2. **Patrol:** If Player not in room -> Move to a random adjacent connected room (25% chance to stay still).
3. **Leash:** Enemies generally stay within 2-3 rooms of their spawn point to prevent clumping.
## 4. LLM Integration for Generation
While the *logic* is hardcoded, the *names and descriptions* are generated once at dungeon start.
* **Prompt:** "Generate a dungeon theme. Theme: 'Goblin Prison'. Give me names for 3 keys, a boss name, and a description for the damp boss room."
* **Result:**
* `Key_Red` -> "Rusty Iron Key"
* `Boss` -> "Grumlock the Jailor"
* `Room` -> "A circular chamber reeking of stale meat..."
---
# Phase 4: UI/UX & Client Architecture
## 1. Layout Structure (The "Dashboard")
The interface is designed to resemble a modern cockpit for a text adventure.
* **Header:** Game Title, Global Menu (Save/Settings).
* **Main Content (3-Column Grid):**
* **Left Column (Visuals):**
* **Scene View:** A static 16:9 image container showing the current room context (e.g., `dungeon_sparse_lmr.png`).
* **Mini-Map:** A canvas-based grid visualizer. Renders visited rooms as squares and connections as lines. Unvisited rooms are black (Fog of War). Current room highlighted.
* **Center Column (The Narrative):**
* **Scrollable Log:** The history of LLM text and system messages.
* **Input Area:** Fixed at the bottom.
* Text Input (`> type here...`)
* Quick Actions Bar (Contextual buttons: "Attack", "Search", "Wait").
* **Right Column (State):**
* **Character Card:** HP bar, Stats, Level.
* **Inventory List:** Clickable items (Open modal for details/actions).
* **Room Objects:** List of interactables currently visible (Enemies, Chests, Doors).
## 2. Visual Assets Strategy
To keep the prototype visually complete without dynamic generation yet, we use a **Compositional Asset Naming Convention**.
* **Base Path:** `/assets/images/rooms/`
* **Naming Schema:** `[biome]_[type]_[exits].png`
* **Parameters:**
* `biome`: `dungeon` (fixed for now).
* `type`: `empty`, `sparse`, `furnished`, `treasure`, `boss`.
* `exits`: A string combination of `l` (left), `m` (middle/forward), `r` (right).
* *Example:* `dungeon_sparse_lr.png` (Room with exits Left and Right).
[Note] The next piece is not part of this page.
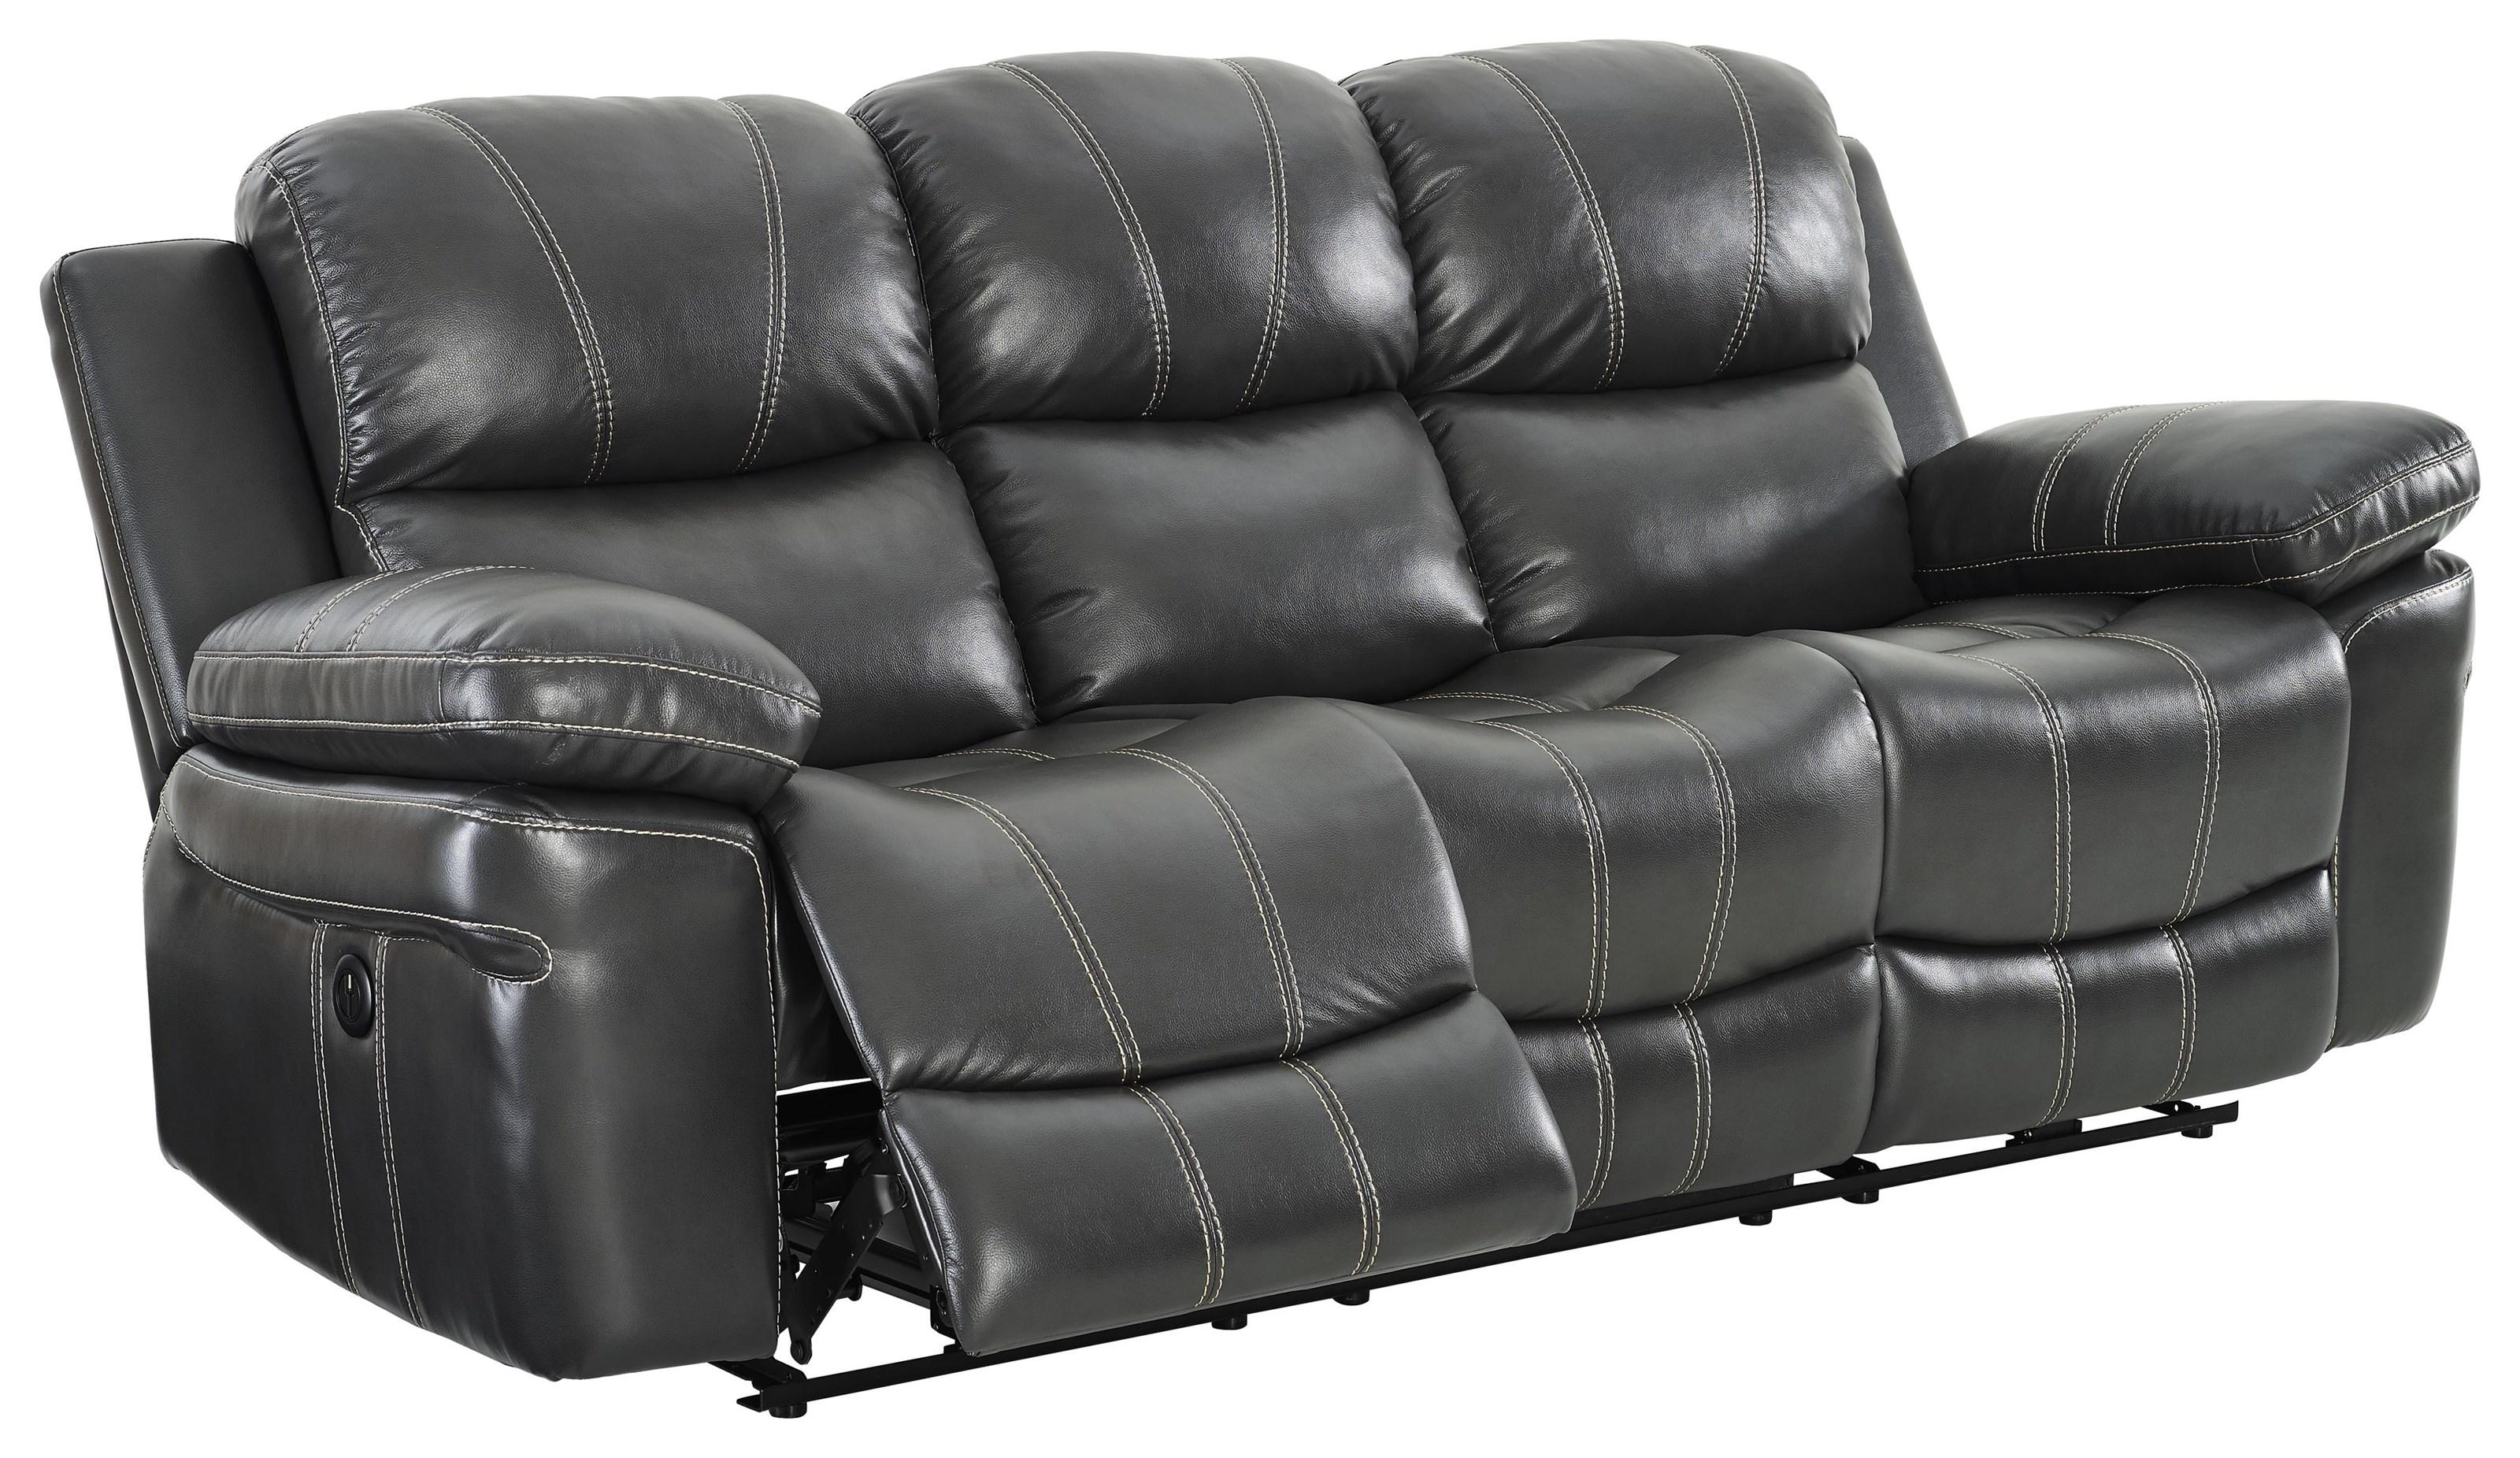 Power Dual Reclining Sofa With USB Port

* *Fallback:* If specific exit variation missing, fall back to `[biome]_[type].png`.
## 3. Frontend Technology (React + Tailwind)
### Components
* `GameContainer`: Manages the main API polling/WebSocket connection.
* `TerminalLog`: A virtualized list (using `react-window` or similar if text gets long) to handle infinite scroll efficiently.
* `RoomRenderer`: Logic to determine which PNG to load based on `GameState.currentRoom`.
* `MapCanvas`: HTML5 Canvas component that draws the grid graph relative to the player's position.
### State Management
* **Zustand Store:**
* `messages[]`: Array of `{ sender: 'user'|'system'|'narrator', text: string }`.
* `gameState`: The full JSON object synced from backend (Player, Room, etc.).
* `uiState`: `{ isInventoryOpen: boolean, isLoading: boolean }`.
## 4. Interaction Design
* **Hybrid Input:**
* **Typing:** Users can type "Pick up sword".
* **Clicking:** Clicking "Rusty Sword" in the `Room Objects` panel triggers the exact same API call (`pickup sword`) as if the user typed it. This teaches the user the text commands while offering GUI convenience.